He's at it again in Knockaround Guys, a wannabe mob movie about wannabe mobsters that doesn't know whether it's a comedy or a drama, but does very definitely know that either way, it's about Vin Diesel beating the living crap out of people.

The writing/directing team of Brian Koppelman and David Levien gave us the far more knowing Rounders a few years back, about how being a professional gambler isn't as glamorous as it sounds, and now they try to do the same thing here for professional criminals. But the bar was already placed pretty darn high by GoodFellas and has been raised even higher by The Sopranos, and so Knockaround Guys, which wouldn't have looked so hot standing in an open field all on its lonesome, finds itself embarrassed by the august company in which it places itself. And also by the fact that Koppelman and Levien think they can get themselves out of corners by having Vin Diesel growl at some hapless soul.

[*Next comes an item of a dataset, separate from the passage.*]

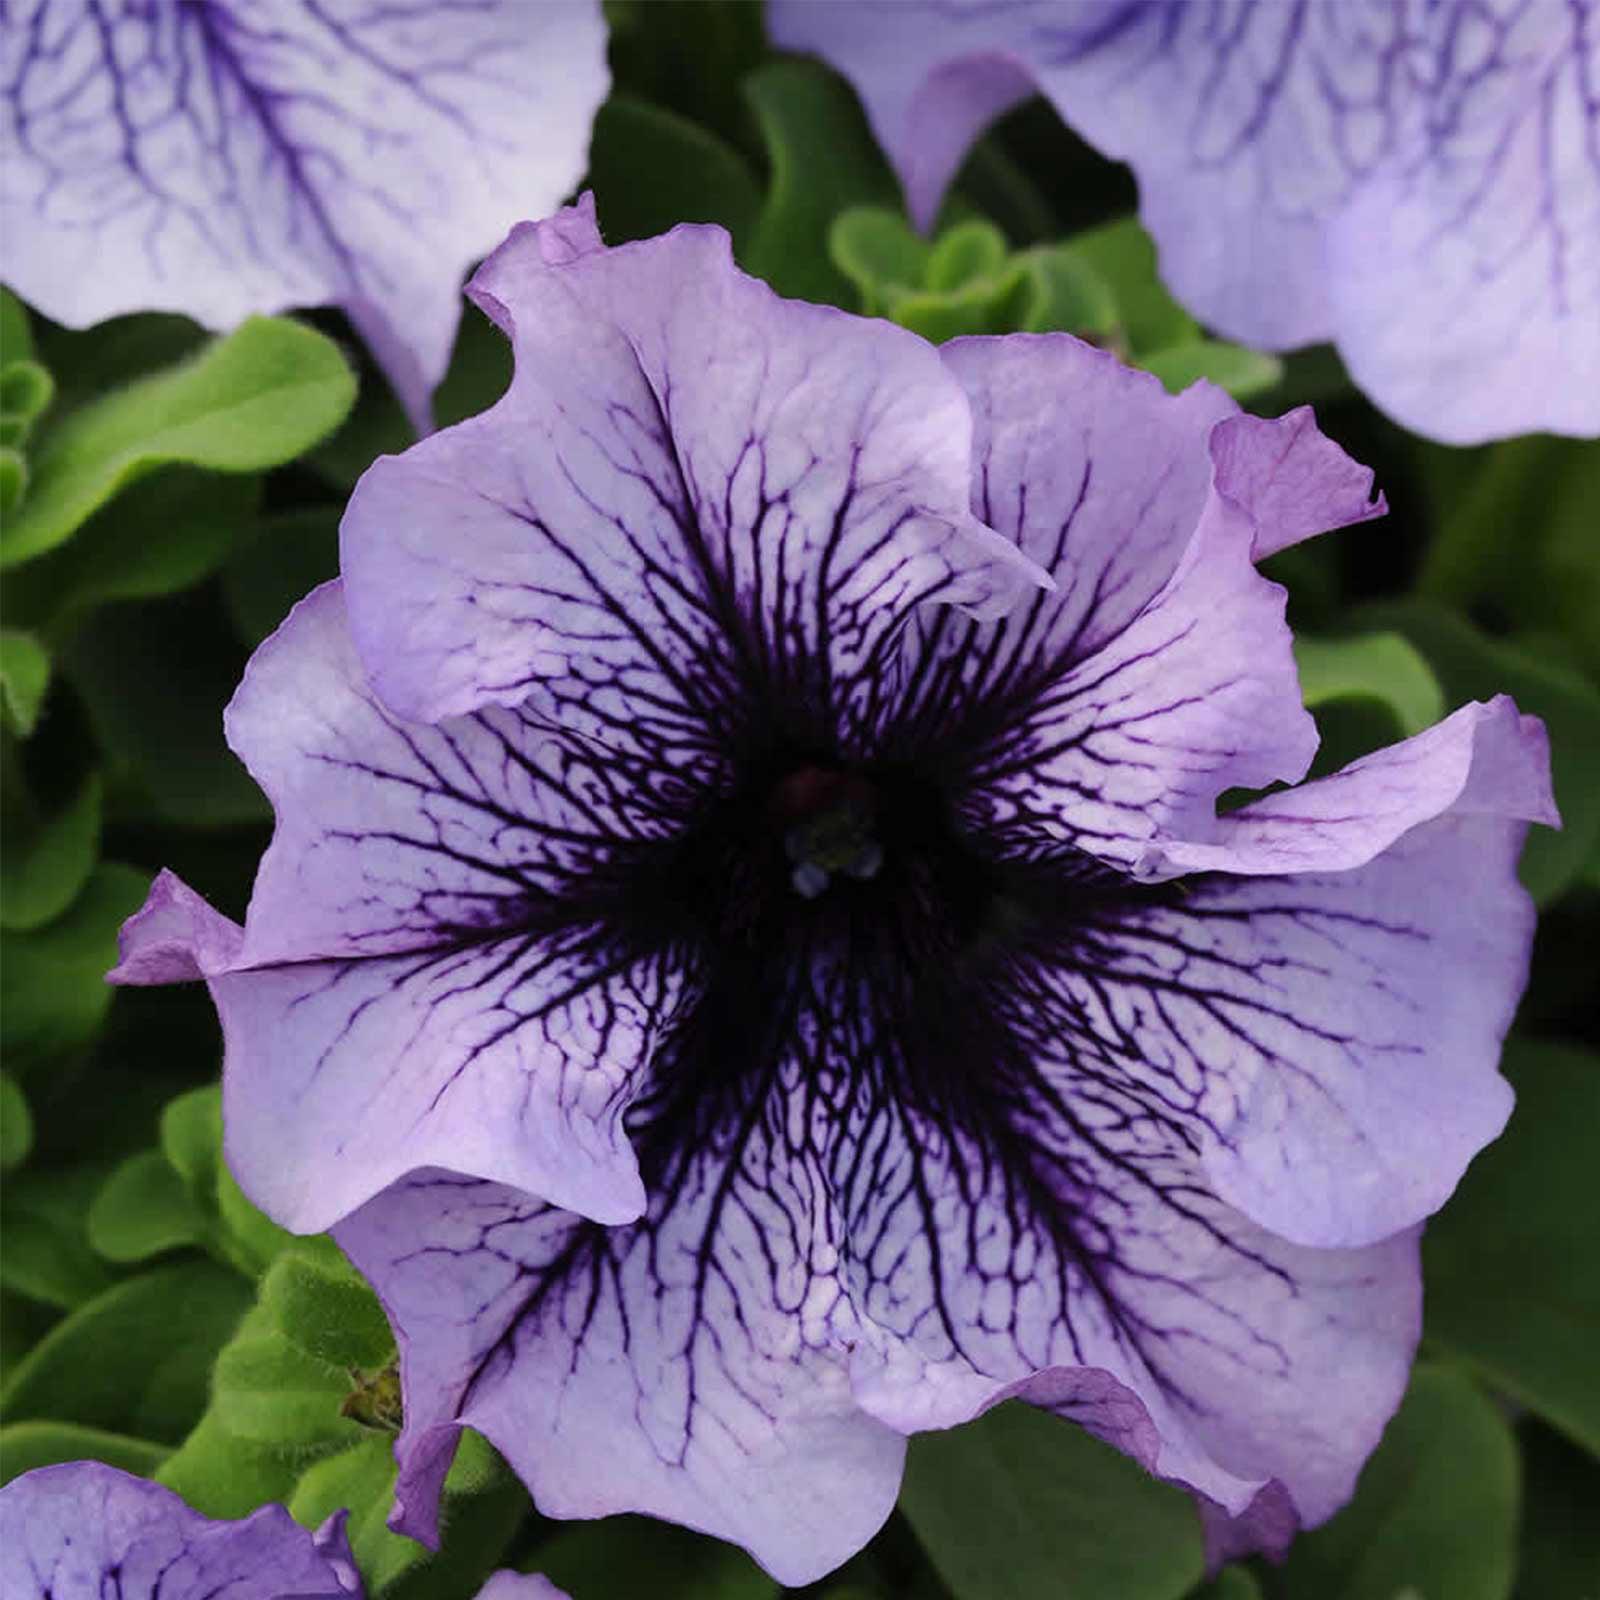 Petunia - Daddy Series Flower Garden Seed - 1000 Pelleted Seeds - Peppermint Color Blooms - Single Grandiflora Petunias - Annual Flowers

A bunch of poor little rich mafia kids, whom their daddies don't take seriously, decided to carve out their own little niche in the family business. Matty Demaret (Barry Pepper: Battlefield Earth, The Green Mile) hires his cousin Johnny Marbles (Seth Green: Austin Powers in Goldmember, America's Sweethearts) to squire a bag of mob money across the country from Washington State to Brooklyn, but Johnny flubs the job, losing the bag -- he had to, or there'd be no movie. So Matty, smarting from his father's rejection of his goombah potential, takes muscly Taylor Reese (Diesel, natch) and Chris Scarpa (Andrew Davoli) with him to Middle of Nowhere, Wyoming, to find the money, a cool half a mill. But the sheriff (Tom Noonan: Eight Legged Freaks, The Pledge) isn't quite the dumbshit they expected him to be, so Vin Diesel has to beat the crap out of some locals to get respect -- the violence is always about low self-esteem, isn't it? -- which kinda sorta doesn't even make any sense. But so what? With Seth Green along to do his goofball thing and Vin Diesel to bust some hineys, it should at least be big dumb fun.

But it isn't. It's not even little dumb fun. It's just dumb. I'm not sure why Green is here at all, except to be such a good sport about playing such a thoroughly stupid character that he's hard to even like. Dennis Hopper (Jesus' Son, EDtv) and John Malkovich (Shadow of the Vampire, The Messenger: The Story of Joan of Arc), as, respectively, Matt's underboss old man and his lieutenant, show up eventually to berate the boys and perform impersonations of Dennis Hopper and John Malkovich, which should be funny, if unintentionally so, but isn't. Malkovich's kvetch about everything being about everybody's feelings these days is funny in the trailer and TV ads for the film, because they're taken out of context. In context, there's no context: no one says boo about feelings, though I guess we're meant to understand that the boys just want their daddies to love them and that none of this would have even happened if the dads had just spent some quality time. Which contributes to the forced attempt at drama, too, and boy, does the rationale for that come way outta left field. You know, the betrayal and the broken honor and all your standard mob stuff? It's here, of course, but not in any way that makes any kind of logical sense.

So, with no comedy and drama that is laughable but far from amusing, what's left? Don't let Diesel know I said this, cuz it'll only encourage him, but the most dynamic scene in the film is, alas, his punchfest in the honky-tonk. But honestly, that's only in comparison to all the other scenes surrounding it.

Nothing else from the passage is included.